Zukunftsweisendes Projekt

Der Kulturwandel macht auch vor Banken nicht Halt. Das überrascht nicht, denn erfolgreiche Unternehmen setzen auf selbstbestimmtes Arbeiten, mehr Teamwork, eine offene Dialogkultur und Transparenz. Jetzt hat sich die Landesbank Hessen-Thüringen mit einem Pilotprojekt am Standort Offenbach auf den Weg gemacht. Eine wichtige Rolle spielt dabei der „weiche Faktor“ Arbeitsumgebung.
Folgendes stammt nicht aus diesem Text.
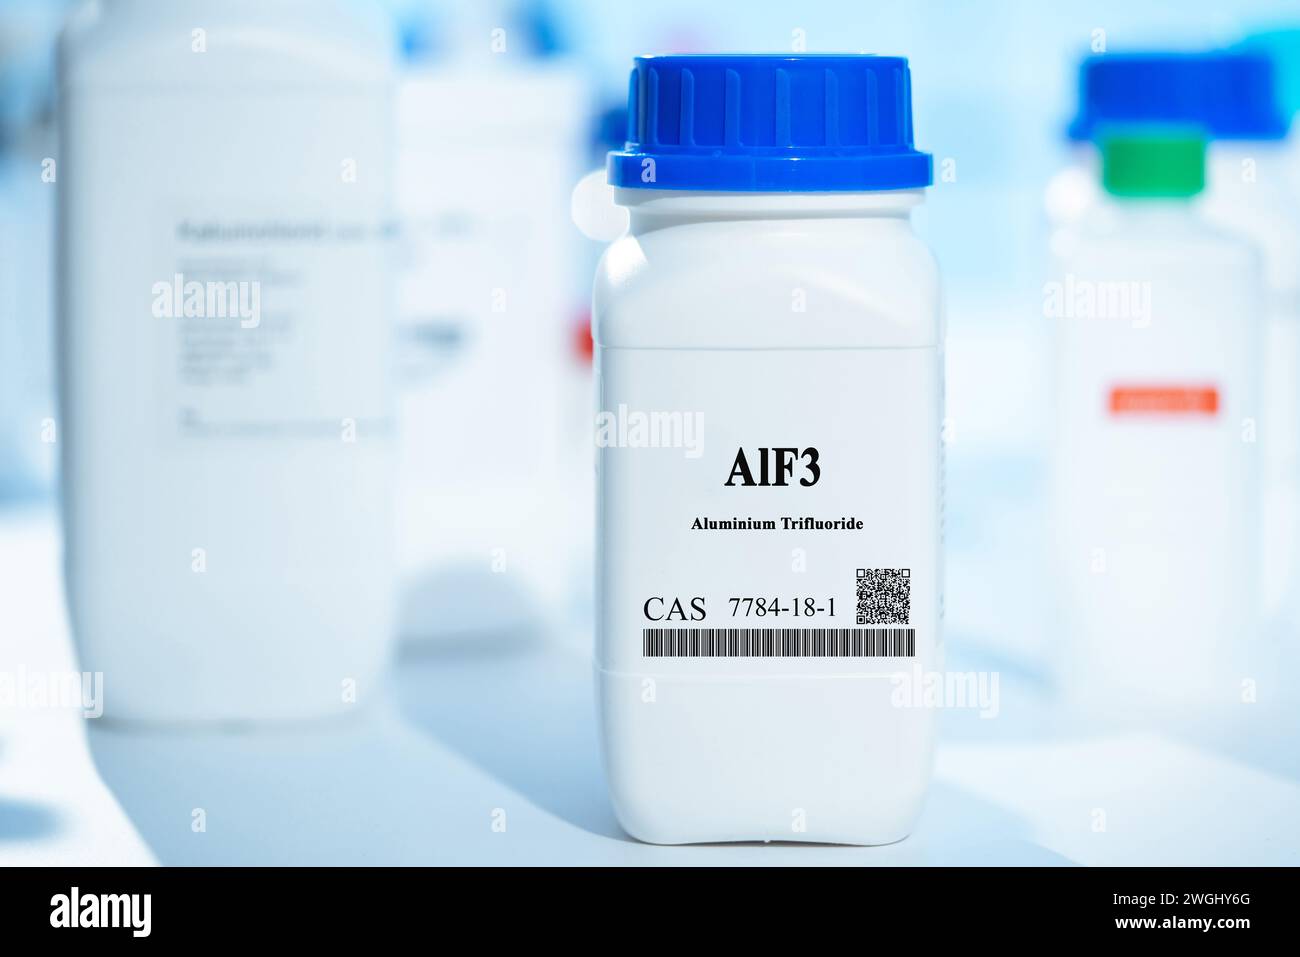 AlF3 trifluoruro de aluminio CAS 7784-18-1 sustancia química en envases de laboratorio de plástico blanco Foto de stock

Unternehmen müssen sich wandeln, um für Mitarbeiter attraktiv zu bleiben. Das gilt umso mehr, als die Digitalisierung und der demografische Wandel etablierte Unternehmen mit sicher geglaubten Alleinstellungsmerkmalen herausfordert. Beide Aspekte haben unmittelbaren Einfluss auf die Wettbewerbsfähigkeit. Unternehmen mit einem höheren digitalen Reifegrad, unterstreicht die im Juli publizierte Studie „Benchmarking HR Digital Transformation“, würden eine höhere Mitarbeiterzufriedenheit und Arbeitgeberattraktivität zugeschrieben. Sie werden als innovativer und agiler empfunden sowie als profitabler und wachstumsstärker wahrgenommen

Die Veränderungen betreffen nicht nur das Führungsverhalten oder das Personal Recruiting, sondern vielfach das Geschäftsmodell selbst. So machen auch Banken seit Jahren eine neue Erfahrung, dass sie ihre angestammte Rolle verändern müssen. Unternehmen, die selbst keine Banken sind, bieten inzwischen privaten Endkunden finanzielle Dienstleistungen. Das zeigt, dass die Digitalisierung nicht nur Risiken birgt, sondern auch Chancen bietet, neue Produkte zu entwickeln und Geschäftsprozesse zu optimieren. Gleichzeitig verlangt sie eine Unternehmenskultur, die flexibler und schneller auf Kundenwünsche reagiert, sowie eine Arbeitsumgebung, die inspirierend wirkt. „Wir stellen fest“, sagt Frank Kauertz, Abteilungsleiter Standort- und Gebäudeverwaltung der Helaba, „dass der Wohlfühlfaktor eines Büros als ‚weicher Faktor’ für Mitarbeiter zukünftig eine größere Rolle spielt.“

Quadratur des Kreises geschafft
Einen Schritt in die Zukunft wagt die Helaba mit ihrem Pilotprojekt einer neuen Arbeitswelt am Standort Offenbach. Das öffentlich-rechtliche Geldinstitut mit rund 6.150 Mitarbeitern und einer Bilanzsumme von rund 172 Mrd. € zählt zu den führenden Banken am Finanzplatz Frankfurt. Die Bank ist in Deutschland an sieben Standorten präsent, neben den Zentralen Frankfurt und Erfurt. Mit rund 1.400 Mitarbeitern und einer Bürofläche von insgesamt 42.000 m2 ist Offenbach der zweitgrößte Standort der Bank. Er ist Sitz verschiedener Bereiche, unter anderem der LBS, der Helaba Revision, der IT- und Schulungsabteilung sowie der WIBank, die öffentliche Förderaufgaben, insbesondere in den Bereichen Wohnungs- und Städtebau, Infrastruktur, Wirtschaft, Landwirtschaft und Umwelt, wahrnimmt.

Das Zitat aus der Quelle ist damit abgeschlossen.